There are however some permutations and combinations that are a no-go area among some communities however. For example, till some decades ago, Tirunelveli Nadars wouldn’t get into matrimonial relationships with their counterparts in Kanyakumari. Similarly, the Arunattu nadars (nadars in Virudhunagar district) and the Therinadu (Theri Kaadu in Tiruchendur region) nadars.

A research paper ‘Castes, Migration, Immunogenetics and Infectious Diseases in South India’ by R M Pitchappan from Madurai Kamaraj finds that Piranmalai Kallars and Sourashtrians are susceptible to sputum positive tuberculosis while the Vellalar community is susceptible to psoriasis.

The vellalar community living in Karisal region (black soil region of Thoothukudi district) also stayed away from marriage with the Vellalar community in Thamirabarani river belt. Though they belong to the same community, the endogamy remained within the same geography. They had apprehensions and prejudices about members of their own community if they lived in a different region. So, they preferred consanguineous marriages within the same village, town or district.

“Ultimately, the consanguineous marriages helped them to stay put in their own localities and prevent wealth from moving from one place to another,” says Sivasubramanian.

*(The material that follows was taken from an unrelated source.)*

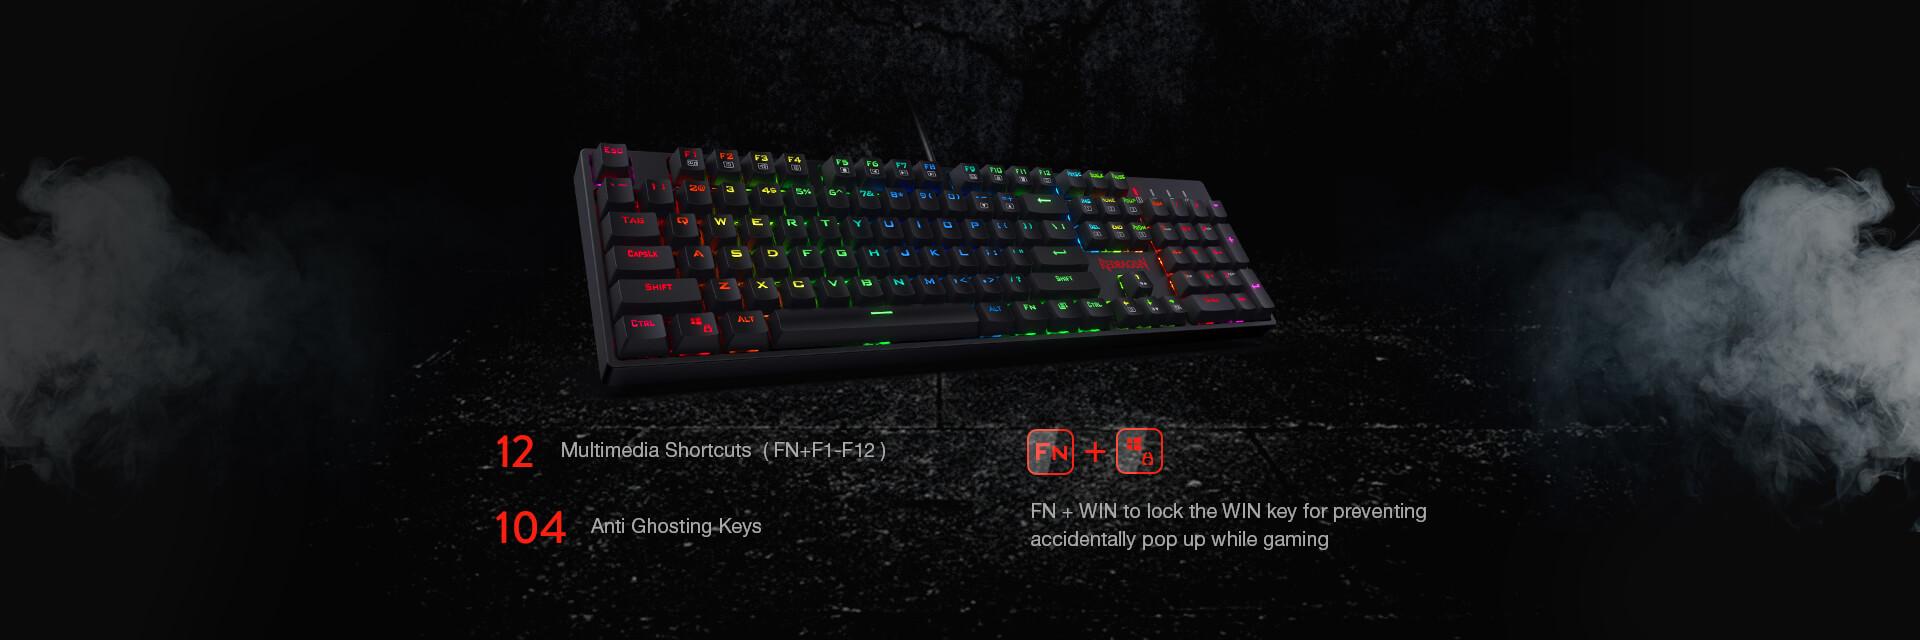 redragon k582 gaming keyboard (3).jpg

Genetic diseases are becoming a burden, says Munirajan. A family undergoes tremendous pressure mentally and financially when a child suffers from thalassemia, autism, down syndrome or muscular dystrophy. The dominant gene however defect doesn’t pass on to the next generation but this is simply an unhappy consequence, as the affected persons don’t live long enough to reproduce.

The problem is the recessive gene defects carried by healthy people. When both parents have this recessive defect, the probability of it becoming the dominant defect in children is 50 %. “The communities still bet on this probability for socio-economic reasons, rather than avoiding consanguineous marriages,” says Munirajan.

After Thalassemia became a disease burden, it was included in the National Health Mission. Awareness drives were conducted among communities to avoid marriages among close relatives. But where such marriages had already taken place, the couples could be given genetic counseling.

The fetus could be screened in the first trimester for genetic defects. If defects are found, the pregnancy could be terminated. But the tests, each costing Rs 10,000 or more, are expensive. “Counseling could be given free of cost but poor families won’t go for the costly testing. This is a serious challenge,” Munirajan says.

A more reasonable solution for the problem is sensitizing communities about the genetic diseases and defects that consanguineous marriages could cause. Promoting marriages among distant relatives could be a saner option considering the cultural implications in our country, experts say.